I thought about this story a lot yesterday, as we walked around the Wisconsin State Fair.
For those of you unfamiliar with the Wisconsin State Fair, it is pretty much what you would expect to happen when you take far too many residents of a state famous for beer consumption and concentrate them into a square-mile plot of land full of carnival rides, fried food, and livestock.
Feeding time at the human zoo, in other words.
But it was an honor to be going, because this was the State Fair debut of our 4H Drama production from May. And in the end, a good time was had by all.
Even me. Go figure!
When we won the Drama Festival in May it came with an invitation to perform at the State Fair. On the one hand, this is in fact a nice honor and very exciting for the kids. They worked very hard to achieve this and it is good to see them recognized for it. On the other hand, it meant corralling nearly two-dozen kids and their families – by definition rather high-involvement people and therefore folks with limited time to spare – into several pick-up rehearsals (because who remembers lines from three months earlier?) and then the State Fair itself. And since the tech stuff that was integral to the play could not be transferred to the stage at the State Fair, it also meant a certain amount of both re-writing the play and rejiggering what tech could be done.
So Addison and Jamie rewrote the play to accommodate the bits we couldn’t do, and Tabitha and Kim downloaded sound cues onto the iPod to take care of the bits we could, and it was good.
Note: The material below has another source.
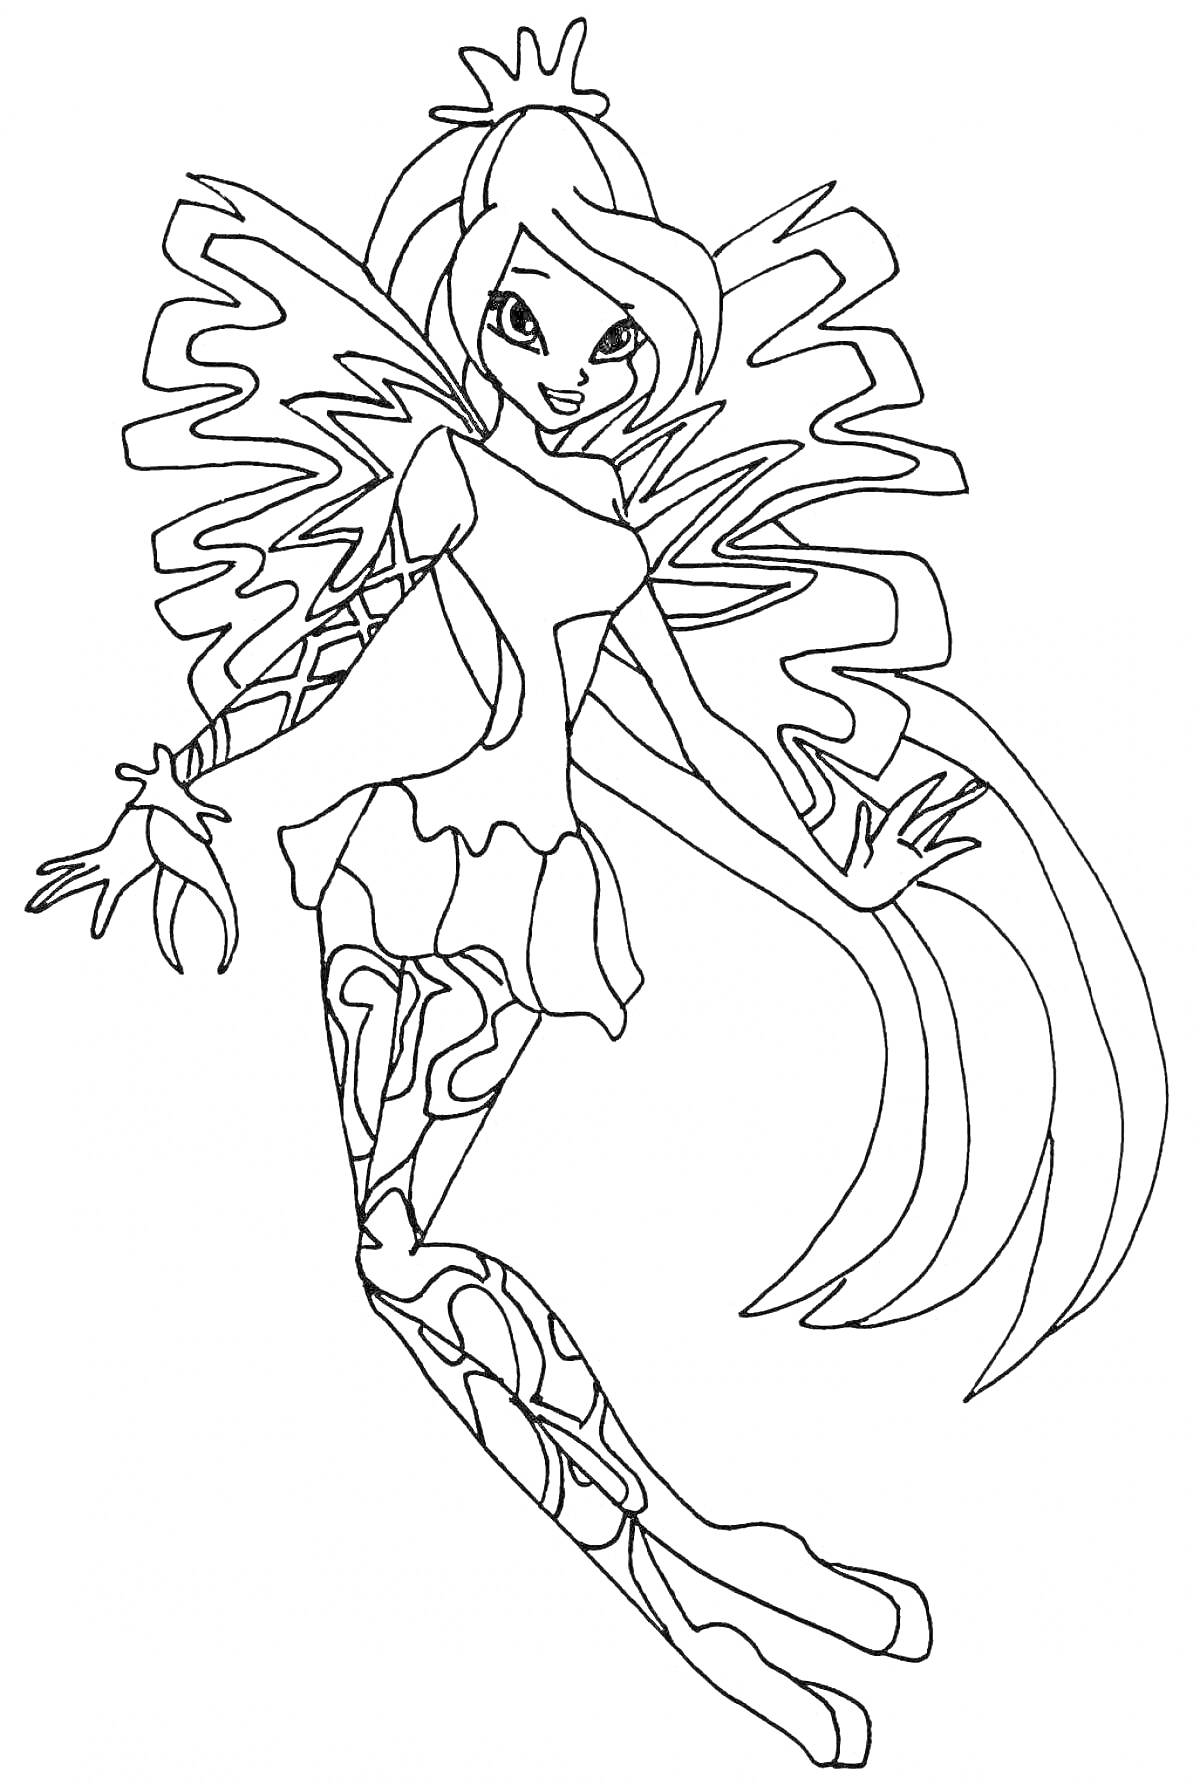 Раскраска Фея с длинными волосами в наряде с узорами и крыльями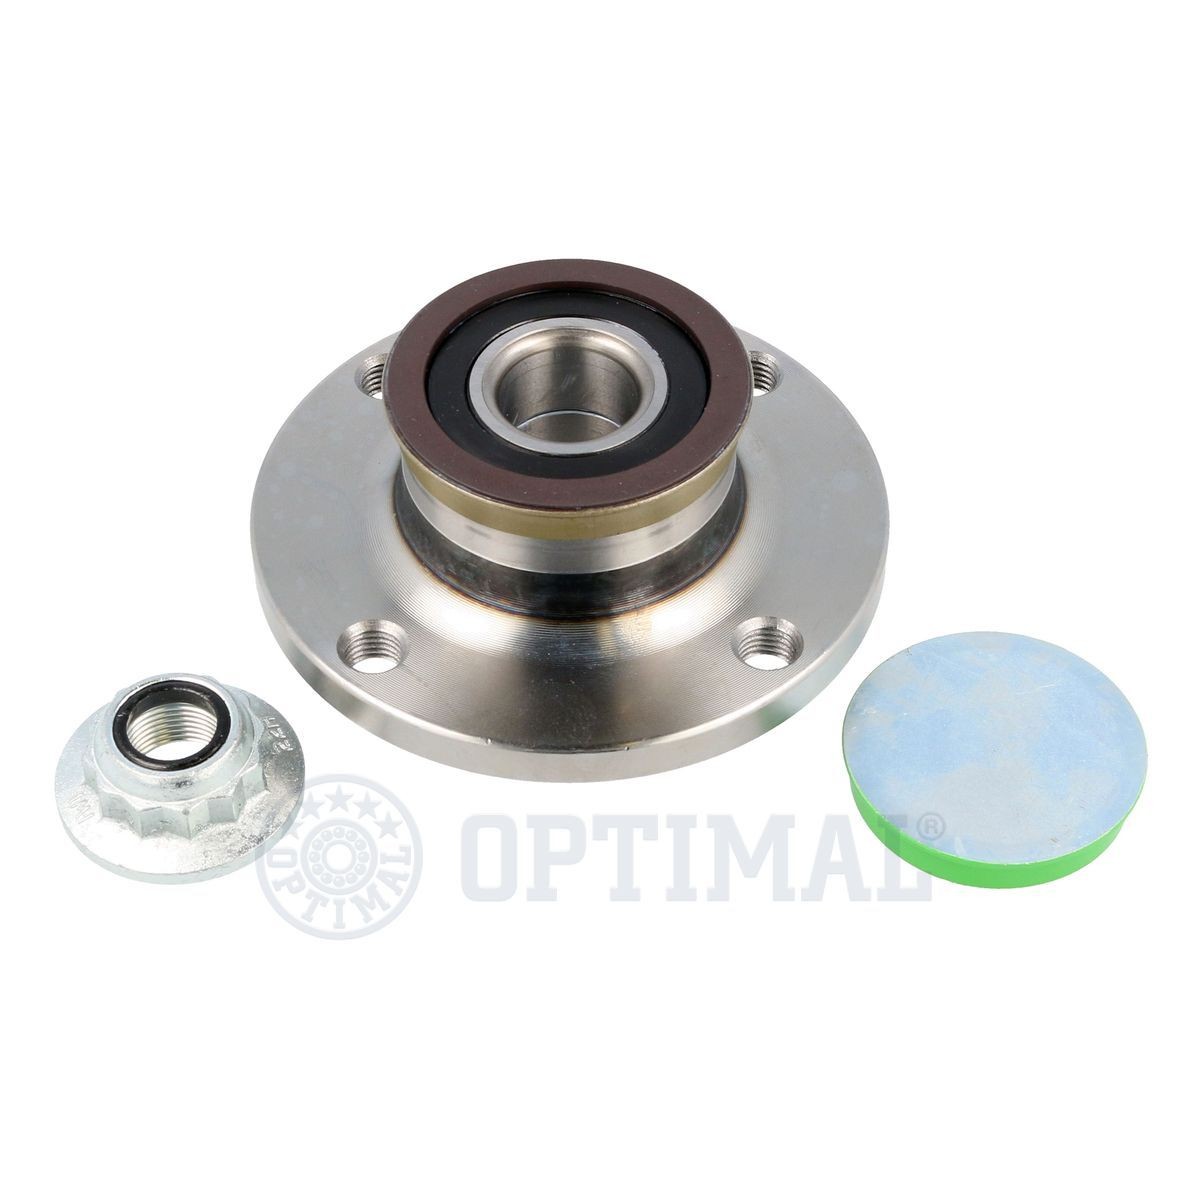 OPTIMAL 102069 Kit cuscinetto ruota con anello sensore magnetico integrato, 120 mm

We showed up to the Fair at about 8:15 on Sunday morning, which is apparently what you have to do if you want to get a parking spot anywhere near the actual Fairgrounds. They had given us an Access Pass so we could drop off our props and costumes at the Youth Center – they would be transported by golf cart to the stage later – but this didn’t come with parking privileges, so we eventually found a nice spot in the lot near the north entrance to the Fairgrounds.
We made our way onto the grounds and immediately saw this:
Whether this was a typo, as I thought, or a sign that the sugar had been caffeinated, as Lauren suggested, we never found out.
We found the stage fairly quickly and set about getting ready. We worked out the sound cues with the crew there, did a quick read-through of lines, and then got into costume.
The kids actually performed three times, but for the sake of simplicity I’m going to lump the photos together here.
Once the morning performance was over we pretty much had the day to run about the Fair. Our first show was about midmorning and the last two weren’t until late afternoon, which gave us about five hours to wander about the place.
Sweet dancing monkeys on a stick, but it was packed with both people and stuff.
If an alien (ha! I kill me…) were beamed down into the Wisconsin State Fair and told to report back to her superiors as to what the culture was like, the first word in the report would probably be “hungry.” Followed shortly after by “deep-fried.” If it can be dipped in batter, wrapped in bacon, skewered onto a stick, and then deep-fried, you can find it at the Fair. And you can find it fairly easily – by my guess the longest you could walk in a straight line without running into a place trying to sell you food was about ten yards, not counting the livestock barns or the midway. There were some really great things for sale and some really awful ones, and we spent much of the day grazing our way through both.
By the way – State Fair Creampuffs? Not as good as the ones here in Our Little Town. This is considered heresy here in Wisconsin, but so be it. I’ve done the experiment. Science! It works!
Eventually Grandma and Grandpa joined us, along with our nephew and niece. This took some doing, since the arrived pretty much at exactly the wrong time, play-performance-wise, and for some reason our cell phones would not actually make calls on the Fairgrounds despite having a plethora of those little bar things that supposedly tell you that you can make calls. But we got it worked out after a while, and they got to see the last of the performances.
The other memorable thing we did there was watch the horse pulling contests.
This is more interesting than you would think.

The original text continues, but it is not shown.